In both cases, something far deeper is at stake. These stories, at their heart, once everything else is stripped away — the acronyms and the arguments and all the rest — are about who will get to run European soccer, whose voice carries the most weight, and who answers to whom.
Realigning the Champions League to suit the demands of the biggest, richest clubs (as of 2019) might come under UEFA’s banner, but it would not be at UEFA’s behest. It would suggest that the power, really, lies with the superclubs; that they can shape the competitions they enter to their benefit; that UEFA is now just a brand, a rubber-stamp, an administrator, a licensing commission.
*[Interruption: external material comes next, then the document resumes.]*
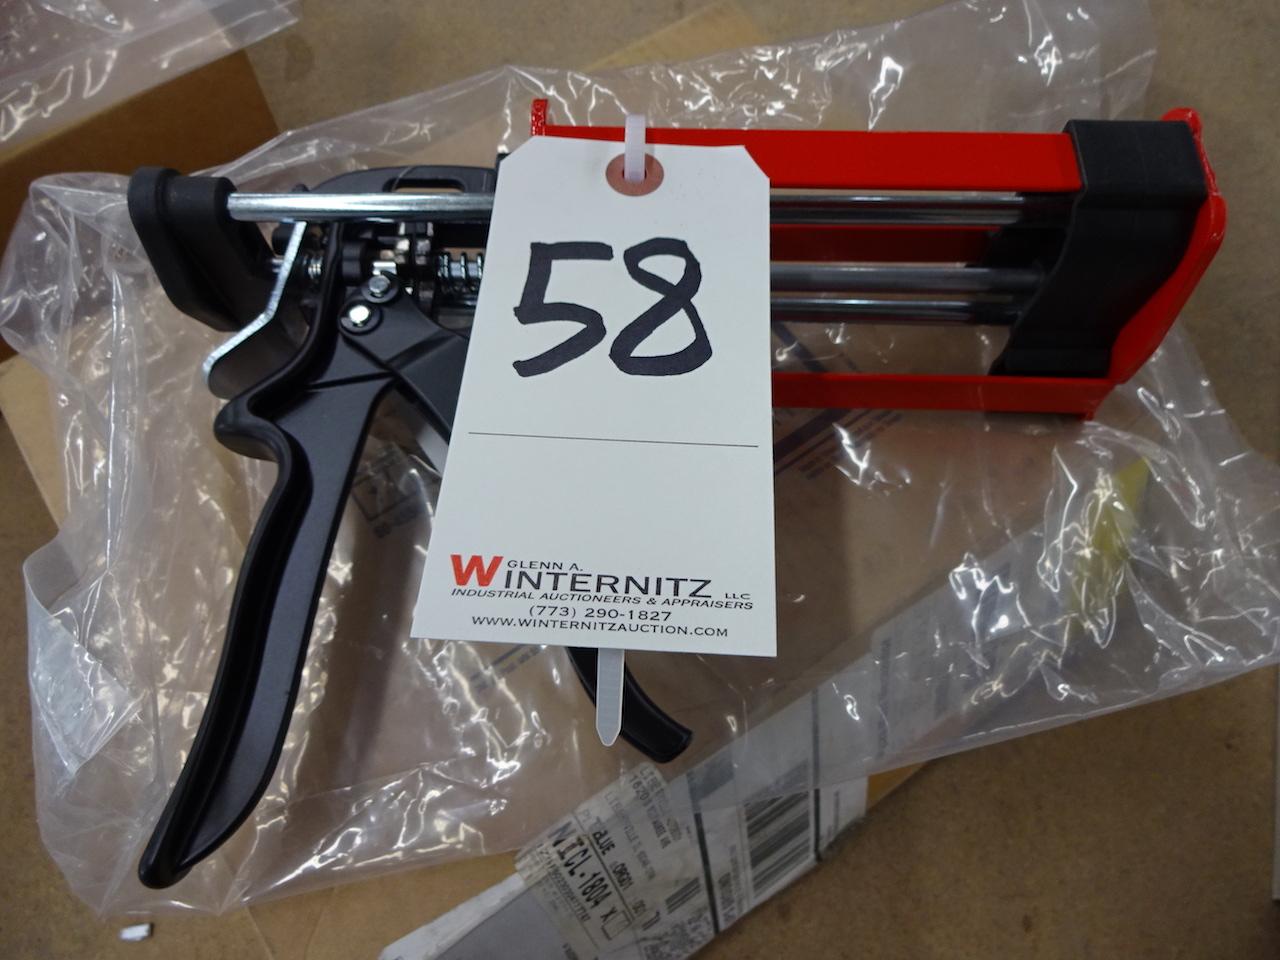 Lot 58 - 3M MANUAL 200ML CARTRIDGE APPLICATOR GUN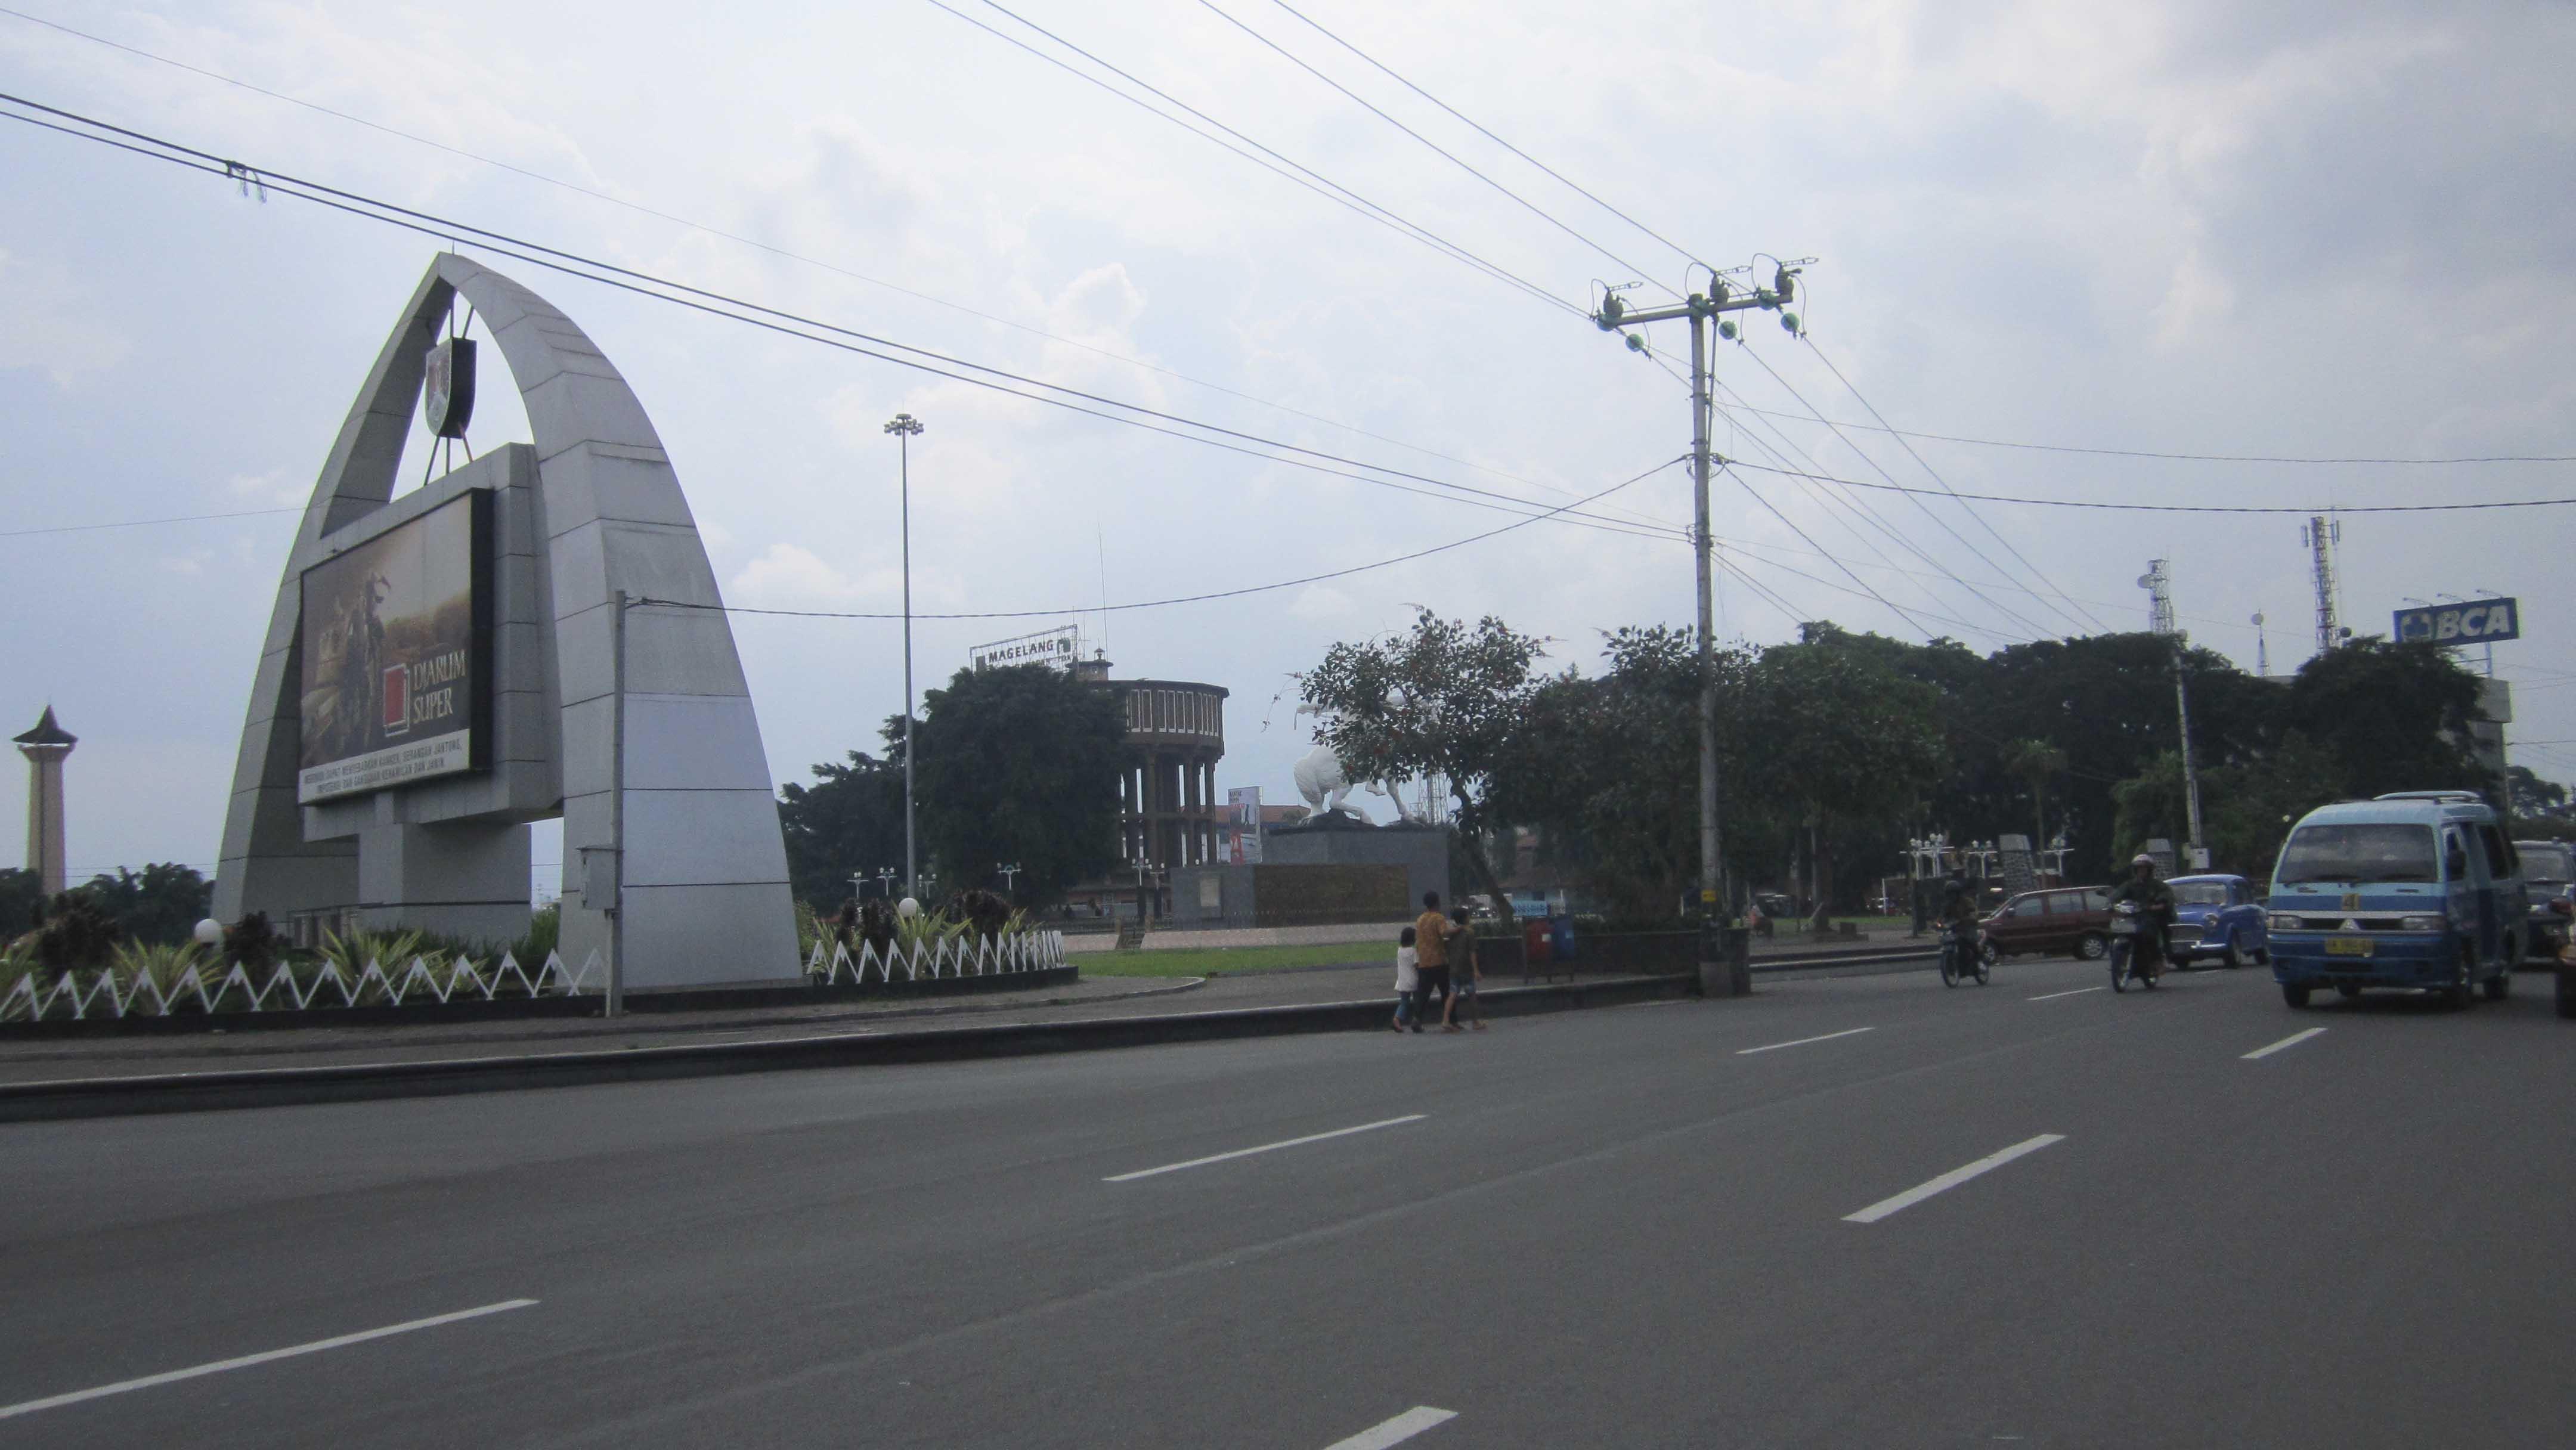 Jalan Alun Magelang Jpg Landscape City Kota Kab Wonogiri

If UEFA failed to listen to the recommendations of its own investigators — if a ban for City is the sanction they seek — it would prove that F.F.P., meanwhile, is effectively finished, that the rising elite of Manchester City and Paris St.-Germain, backed by Abu Dhabi and Qatar, have been right to flout the rules; that those clubs who built their business models around the new reality have been foolish; that Aleksander Ceferin, the UEFA president elected by a consortium of associations from Central and Eastern Europe, away from the big five leagues, could not withstand the pressure of the big money and the old elite; that, ultimately, UEFA did not heed its own investigators, and that it could or would not enforce its own rules.
That is the clarity; all the rest is fug.
Maybe that is all for the best. Maybe it would be better if UEFA was not the ultimate source of power in European soccer any longer. Maybe it is time to accept that what is good for the Premier League, or P.S.G., is not the same thing as is good for Bulgaria, and Lokomotiv Plovdiv. Maybe the era of broad churches and consensus is over. Maybe it is time to cut the smaller countries loose, to stop even the pretense of sharing the wealth.
Or maybe it is not. Maybe handing over control of the game to a cartel of superclubs, or allowing nation states to run teams according to their own, unchecked desires, risks disenfranchising everyone outside that small cabal.
Maybe the game should be run for the elite. Maybe the game should be run for everyone. Either way, we approach a crossroads. The direction we eventually travel will tell us more than how many Champions League games will be played on the weekend, or whether Manchester City will feature in them. It will tell us where, precisely, the power now lies.